_DIRECTIONS_: Please print the listing that follows word for word, but skip any pictures it holds.

====== GIVEN INFORMATION

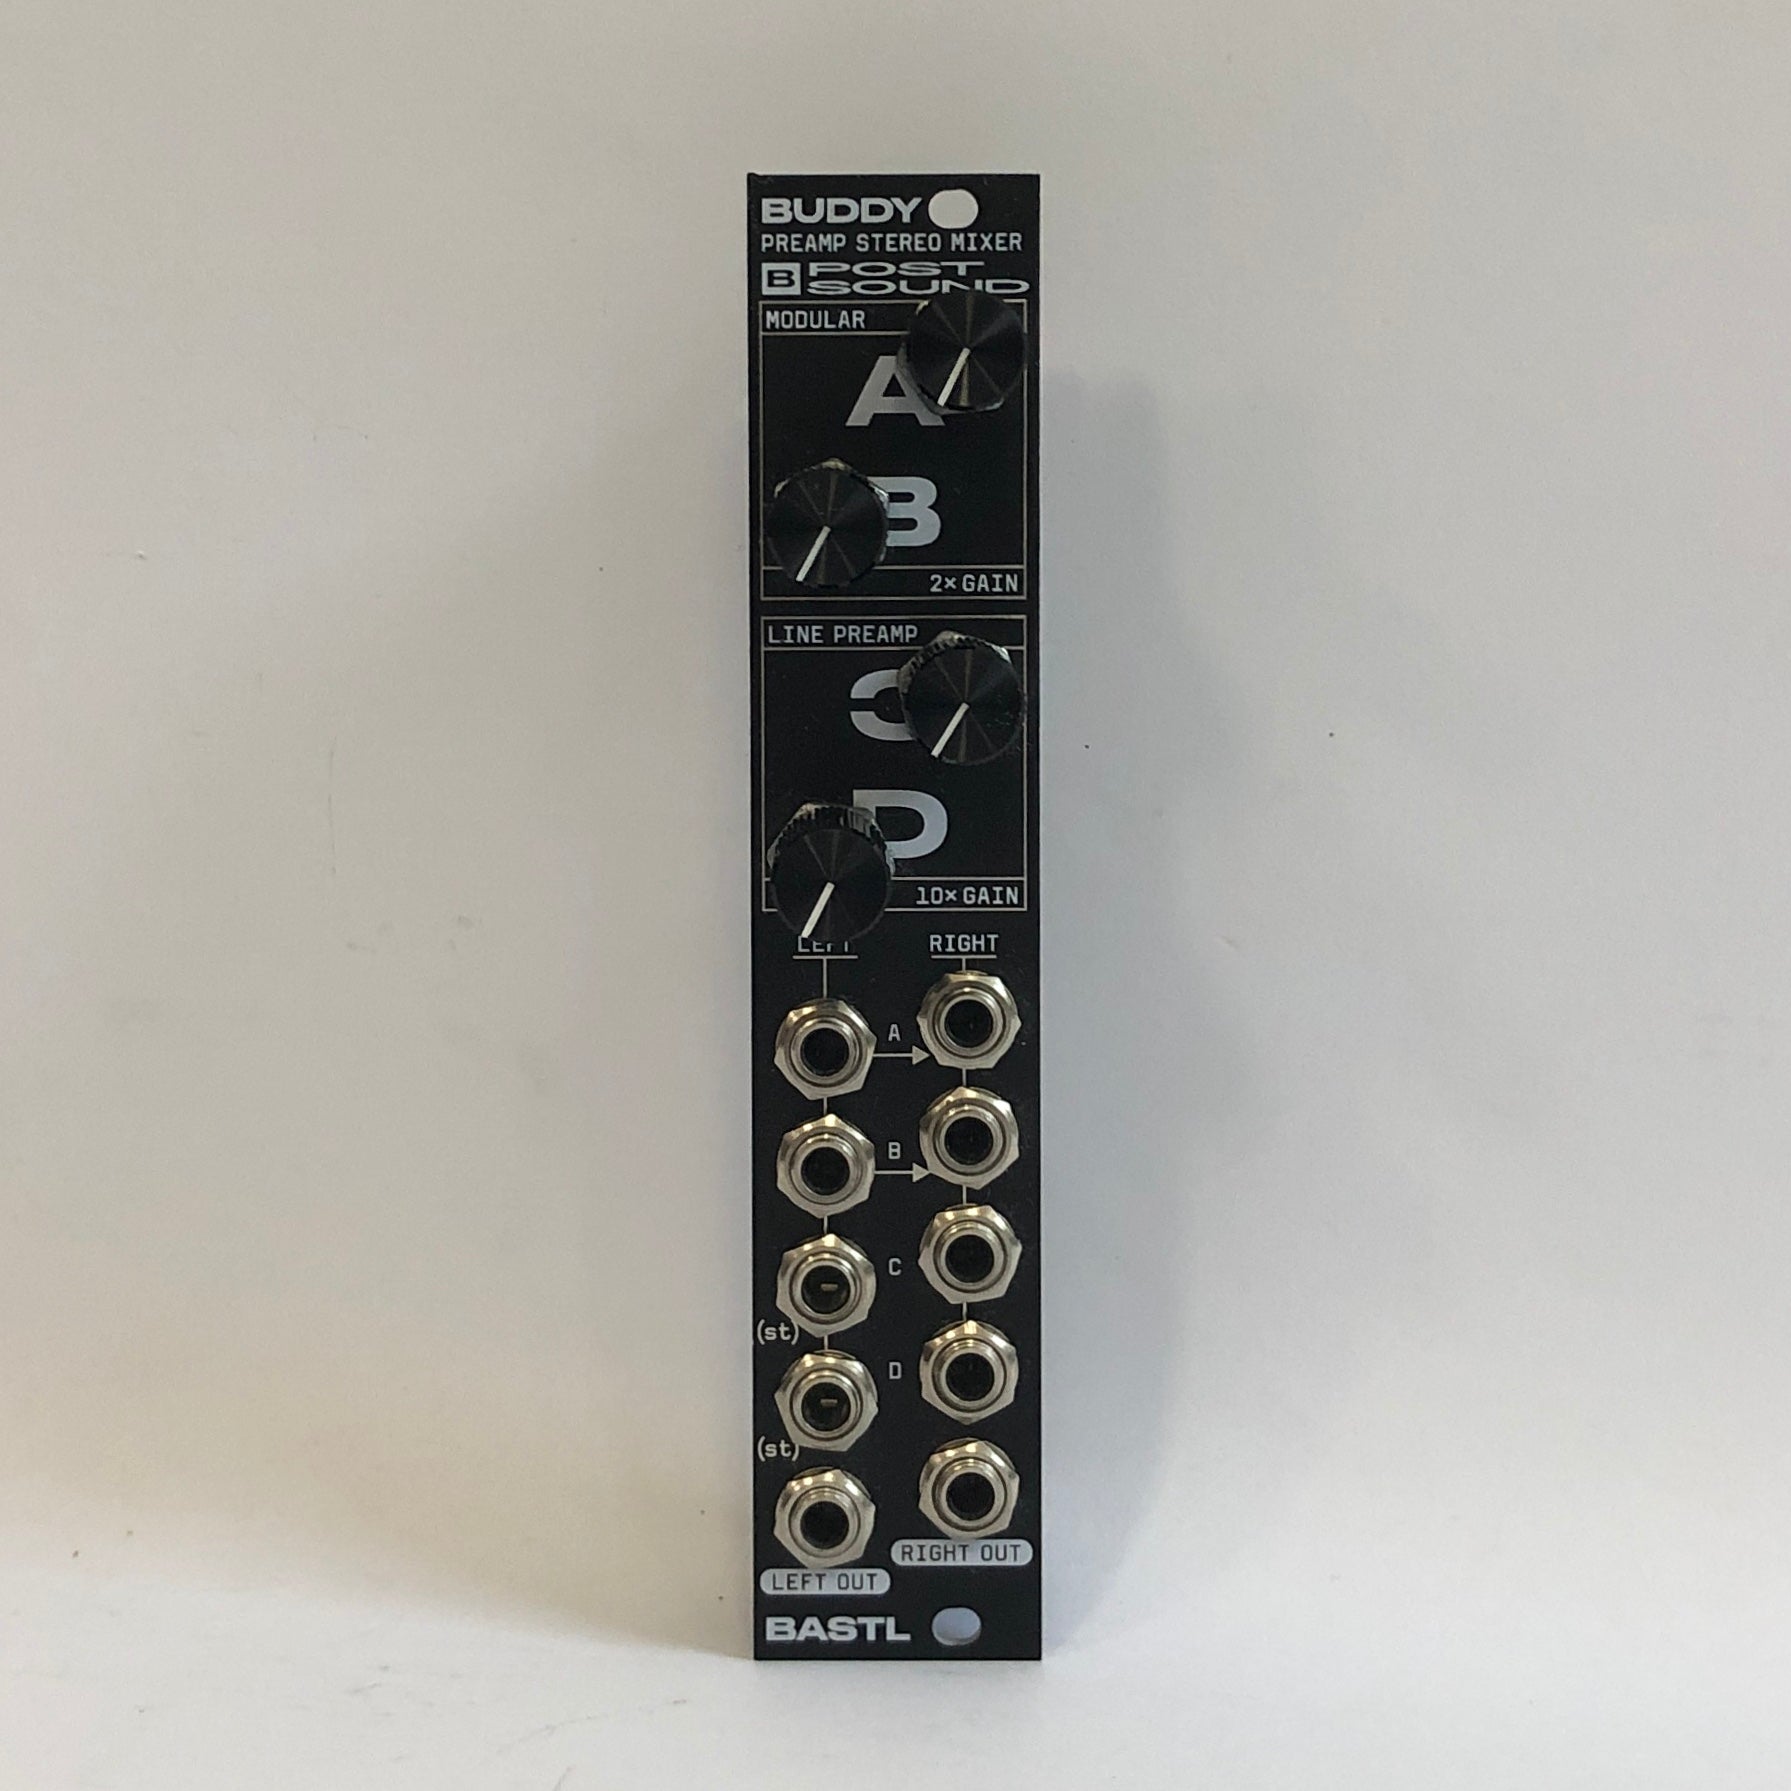 Bastl Instruments Buddy - Four Channel Stereo Mixer
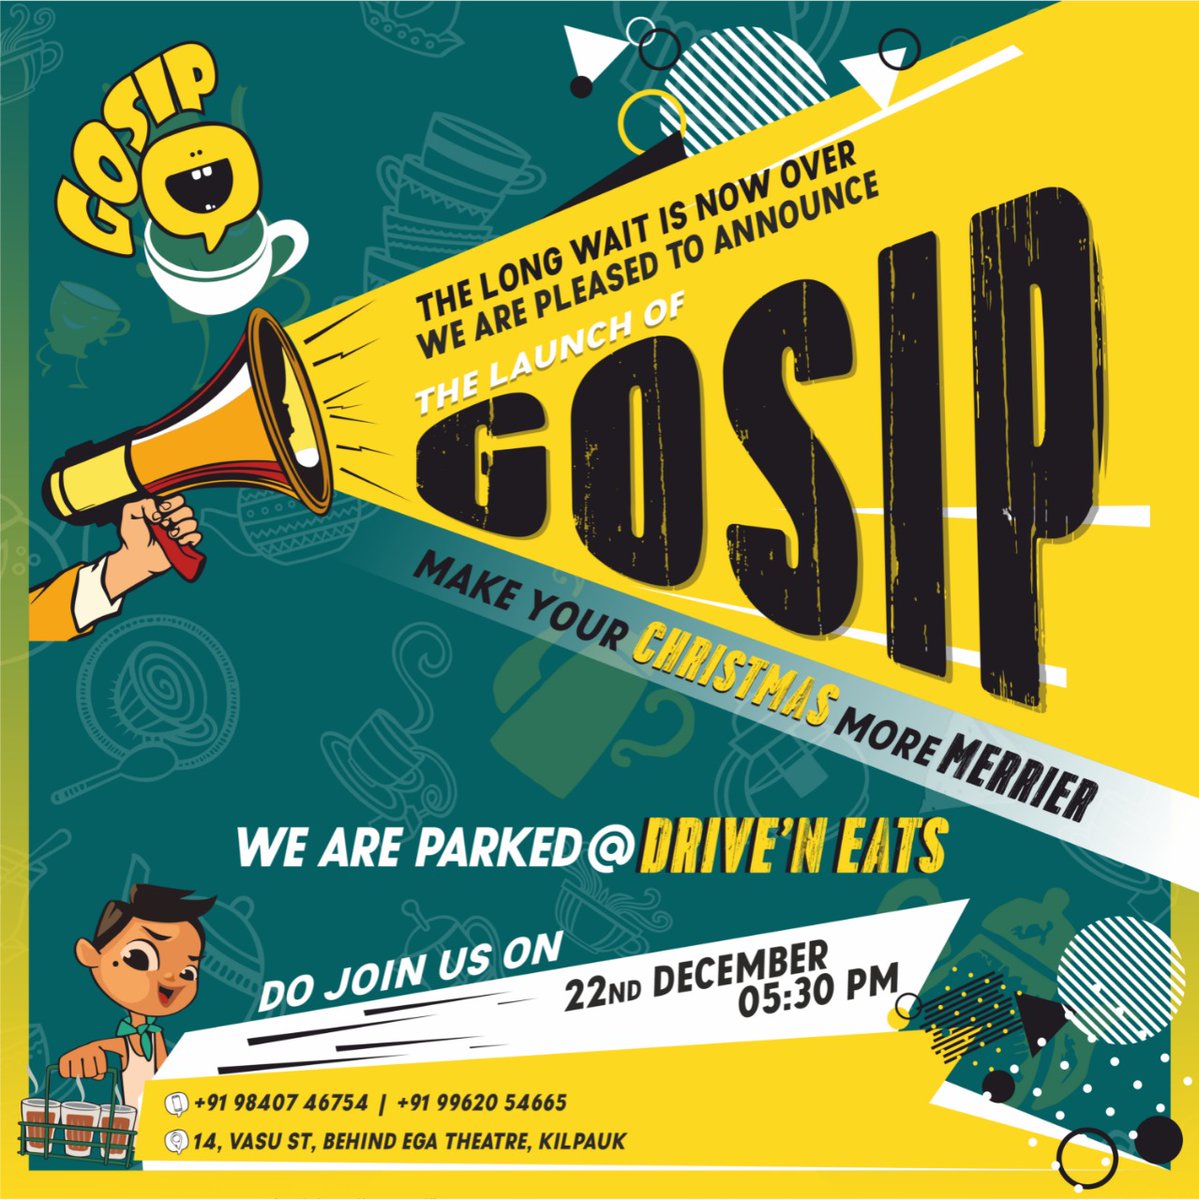 We invite you all for the launch of GOSIP on 22nd December @ 5.30PM Onwards !!

#launch #brand #branding #gosipchennai #chennai #chennaifoodie #chennaifoodblogger #wherechennaieats #foodporn #instafood #picoftheday #chennaidiaries #foodtalkindia #kilpaukfoodie #gosip
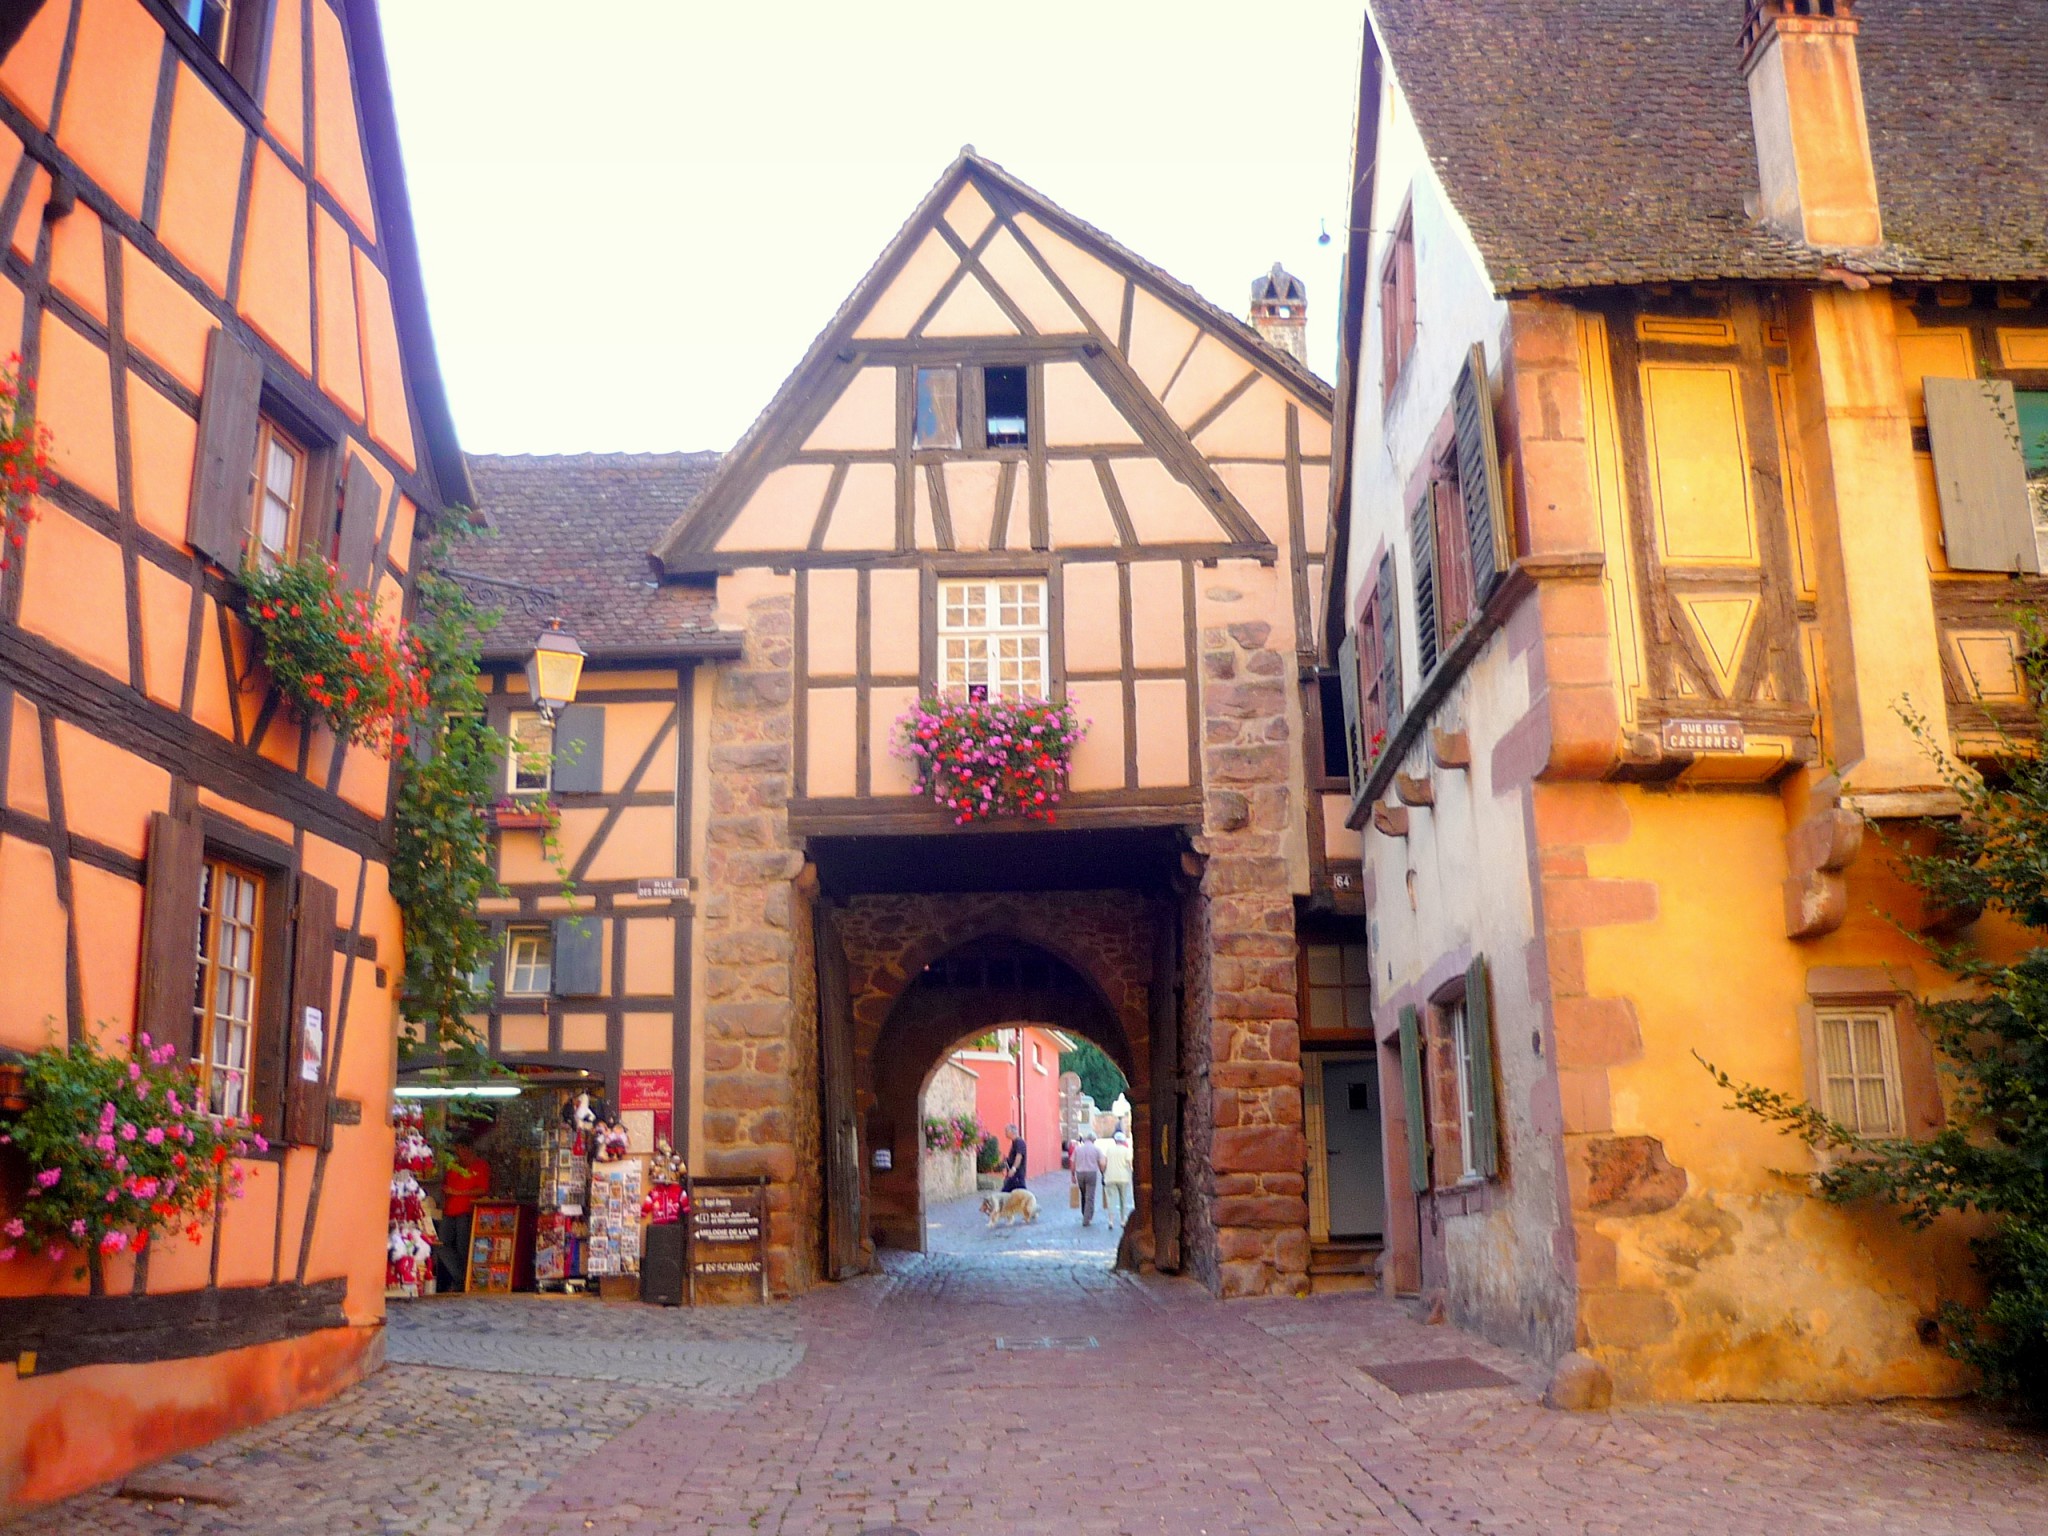 The Obertor in Riquewihr © French Moments

============

_WORKED SOLUTION_:
 Bastl Instruments Buddy - Four Channel Stereo Mixer
 We invite you all for the launch of GOSIP on 22nd December @ 5.30PM Onwards !!

#launch #brand #branding #gosipchennai #chennai #chennaifoodie #chennaifoodblogger #wherechennaieats #foodporn #instafood #picoftheday #chennaidiaries #foodtalkindia #kilpaukfoodie #gosip
 The Obertor in Riquewihr © French Moments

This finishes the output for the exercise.